Karya ini diterbitkan atas izin NovelToon Baldy, isi konten hanyalah pandangan pribadi pembuatnya, tidak mewakili NovelToon sendiri
Raga Tirani Kekacauan
Angin malam menyapu lembah tandus, menghapus perlahan bau anyir darah yang ditinggalkan oleh kematian Tetua Gagak Hitam. Jian Chen tidak membuang waktu; tubuhnya berkedip menyatu dengan bayangan, menggunakan Langkah Hantu Kekosongan untuk merajut jarak kembali ke Puncak Awan Awan sebelum semburat fajar menyingsing.
Setibanya di gubuk bambunya yang sunyi, ia segera mengunci pintu dan melempar beberapa batu spiritual ke sudut ruangan untuk membentuk sebuah formasi penyegel suara sederhana.
Ia duduk bersila di atas ranjang bambu, mengeluarkan cincin penyimpanan rampasan milik Tetua Gagak Hitam. Dengan sisa Niat Pedang di dalam Lautan Kesadaran-nya, ia menghancurkan segel spiritual rapuh peninggalan mayat itu seolah memecahkan cangkang telur.
"Mari kita lihat harga dari sebuah kesombongan," gumamnya pelan.
Isi cincin itu tumpah ke atas ranjang. Tiga ribu Batu Spiritual Tingkat Rendah, sebuah zirah rantai tingkat fana, dan belasan botol porselen berisi racun mematikan. Untuk ukuran seorang ahli Pembentukan Fondasi yang telah hidup puluhan tahun, kekayaan ini sungguh menyedihkan. Pria tua itu pasti telah menumpahkan seluruh hartanya hanya untuk menawar tulang naga di pelelangan tadi.
Jian Chen menyapu bersih batu spiritual itu ke dalam cincinnya dan menyingkirkan barang rongsokan lainnya, lalu mengeluarkan harta yang sesungguhnya: Tulang Naga Kekacauan.
Tulang melengkung berwarna hitam pekat itu terasa seberat bongkahan meteorit, memancarkan aura purba yang membuat udara di dalam gubuk terasa sepadat air kental. Jian Chen memanggil Kuali Naga Hitam miliknya dan meletakkannya di tengah ruangan dengan bunyi debuk yang berat.
"Tulang naga sejati menolak api fana. Bahkan api dari cairan Qi ahli Pembentukan Fondasi pun tidak akan mampu meninggalkan bekas jelaga padanya," ucap Jian Chen, matanya menyipit penuh antisipasi.
Ia mengangkat tangan kanannya.
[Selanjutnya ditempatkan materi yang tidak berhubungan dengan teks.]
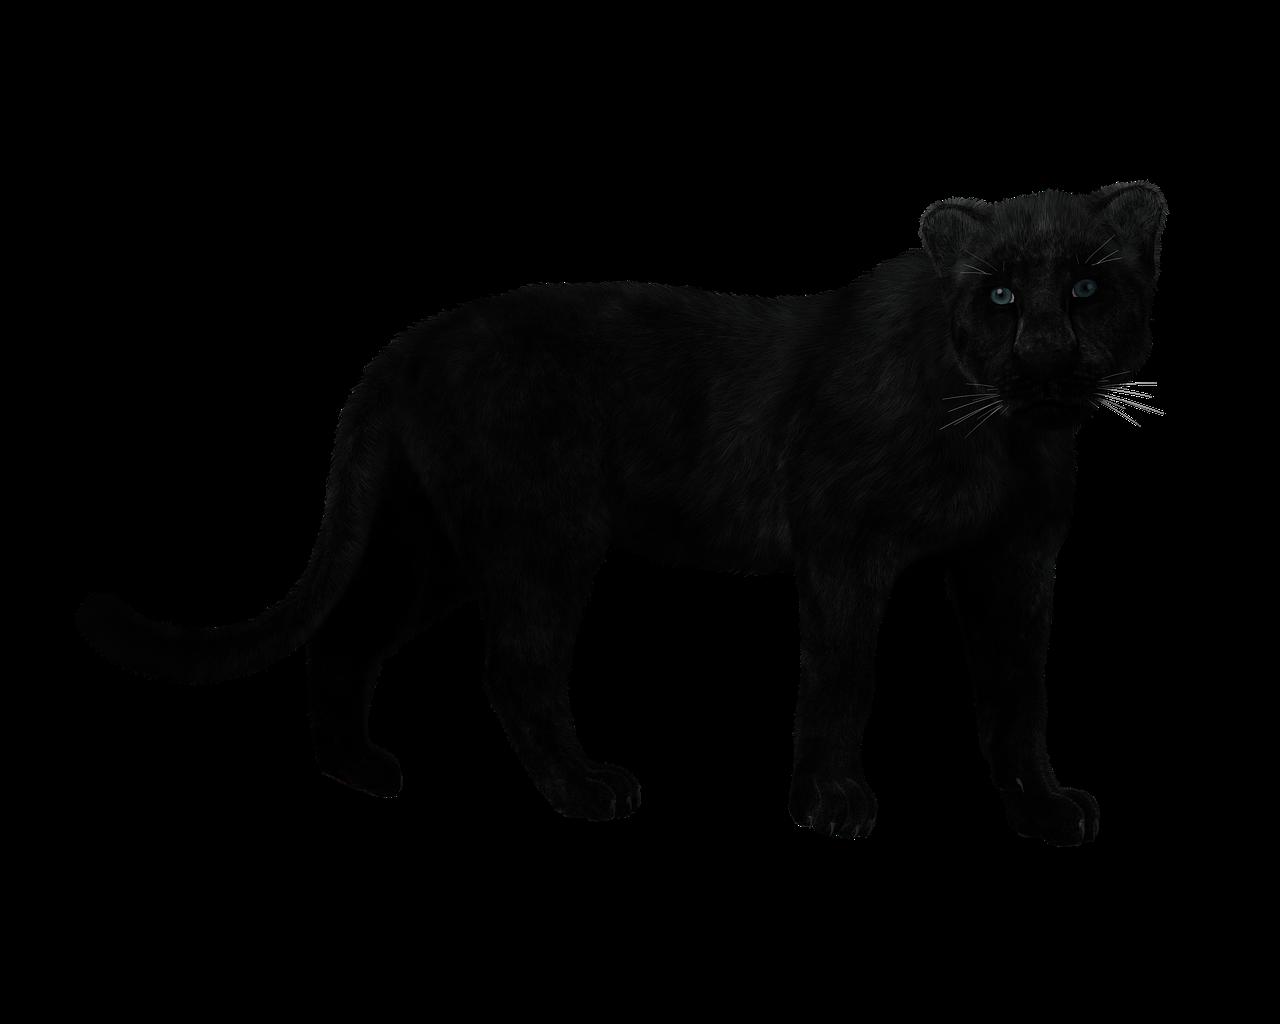 Panther Black Big Cat Mystical Free Image On Pixabay

Qi perak dari Meridian Primordial-nya mengalir keluar, lalu ia memancing seutas energi dari Darah Primordial yang tertidur di kedalaman jiwanya. Seketika, nyala api mematikan berwarna hitam kelam dengan inti merah darah meletus di telapak tangannya—Api Primordial Hitam!
Jian Chen melemparkan tulang kuno itu ke dalam kuali, lalu menembakkan pilar Api Primordial Hitam ke dasar tungku.
ROAARR!
Sebuah ilusi auman naga terdengar saat kesembilan naga yang terukir di kuali itu seakan hidup kembali, merespons keagungan api sang kaisar. Suhu di dalam kuali melonjak drastis hingga ke titik yang mampu melelehkan baja spiritual tingkat tinggi menjadi genangan air dalam sekejap mata, namun tulang hitam di dalamnya tetap tak bergeming.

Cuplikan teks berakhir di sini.